I'm not sure PF_LOCAL_THROTTLE "won't get more than it can handle". Once
dirty pages on NFS BDI accumulate, flush worker will start to push them out
as fast as it can. So the only thing that's limitting this is the dirty
throttling on the receiving (NFS server - thus underlying BDI) side. When
underlying BDI throttling triggers depends on that BDI dirty limits and
those are proportional part of global dirty limits scaled by writeback
throughput on underlying BDI compared to other BDIs. So depending on which
BDIs are in the system and how active they are in dirtying pages
'underlying BDI' will get different dirty limits set. It's quite imaginable
that in some configurations it will be easy to push NFS server to hit its
dirty limit even with PF_LOCAL_THROTTLE. And then having NFS server
undersponsive for couple seconds because it is blocked in
balance_dirty_pages() just is not nice...

> My second thought is that I really don't understand the writeback code.
> I think I understand the general principle, and there are lots of big
> comments that try to explain things, but it just doesn't seem to help.
> I look at the code and see more questions than answers.

I fully understand what you mean :). The logic is complex and while
Fengguang wrote a lot of comments it is still rather hard to follow.
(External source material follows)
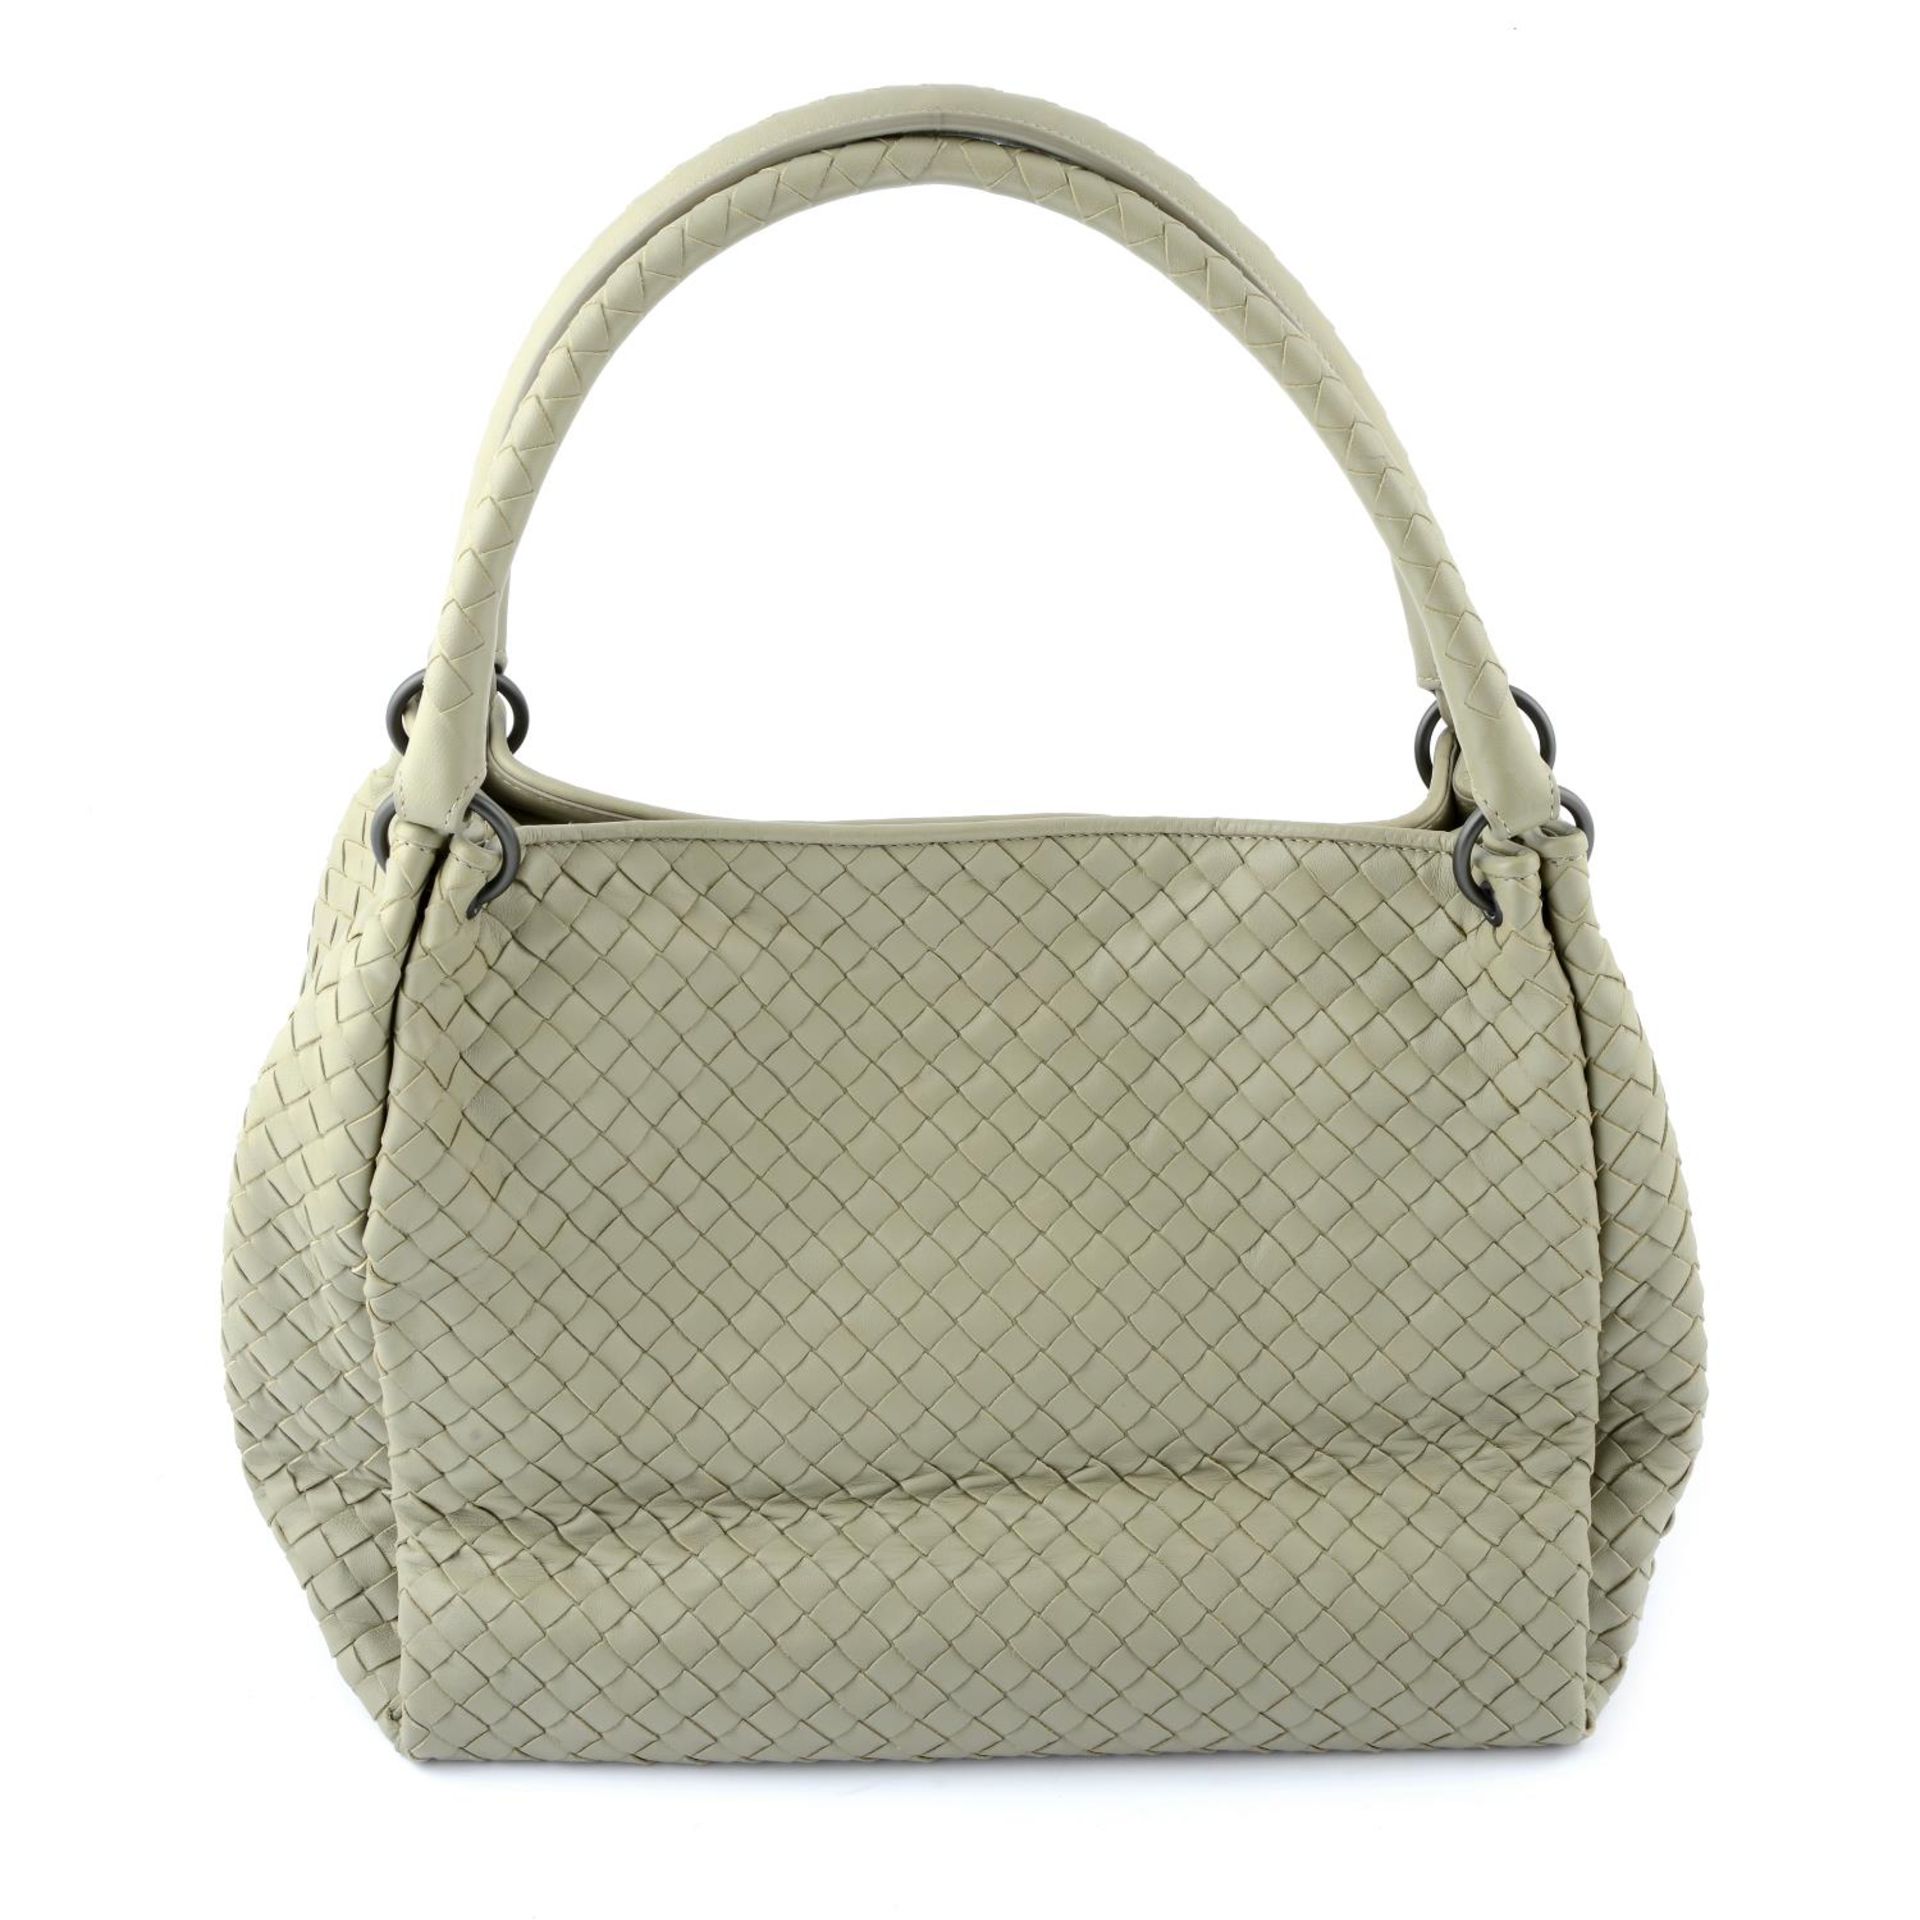 BOTTEGA VENETA - an Intrecciato top handle handbag. - Image 2 of 5

> What are the units for "dirty_ratelimit"?? I think it is pages per
> second, because it is initialized to INIT_BW which is documented as 100
> MB/s.

Yes, that's what I think as well.

> What is the difference between dirty_ratelimit and
> balanced_dirty_ratelimit?
> The later is "balanced" I guess. What does that mean?
> Apparently (from backing-dev-defs.h) dirty_ratelimit moves in smaller
> steps and is more smooth than balanced_dirty_ratelimit. How is being
> less smooth, more balanced??

Yeah. So I cannot really explain the naming to you (not sure why Fengguang
chose these names). But 'balanced_dirty_ratelimit' is pages/second value we
want to limit task to based on the events in the most current time slice.
'dirty_ratelimit' is smoothed version of 'balanced_dirty_ratelimit' taking
more of history into account.

> What is pos_ratio? And what is RATELIMIT_CALC_SHIFT ???
> Maybe pos_ratio is the ratio of the actual number of dirty pages to the
> desired number? And pos_ratio is calculated with fixed-point arithmetic
> and RATELIMIT_CALC_SHIFT tells where the point is?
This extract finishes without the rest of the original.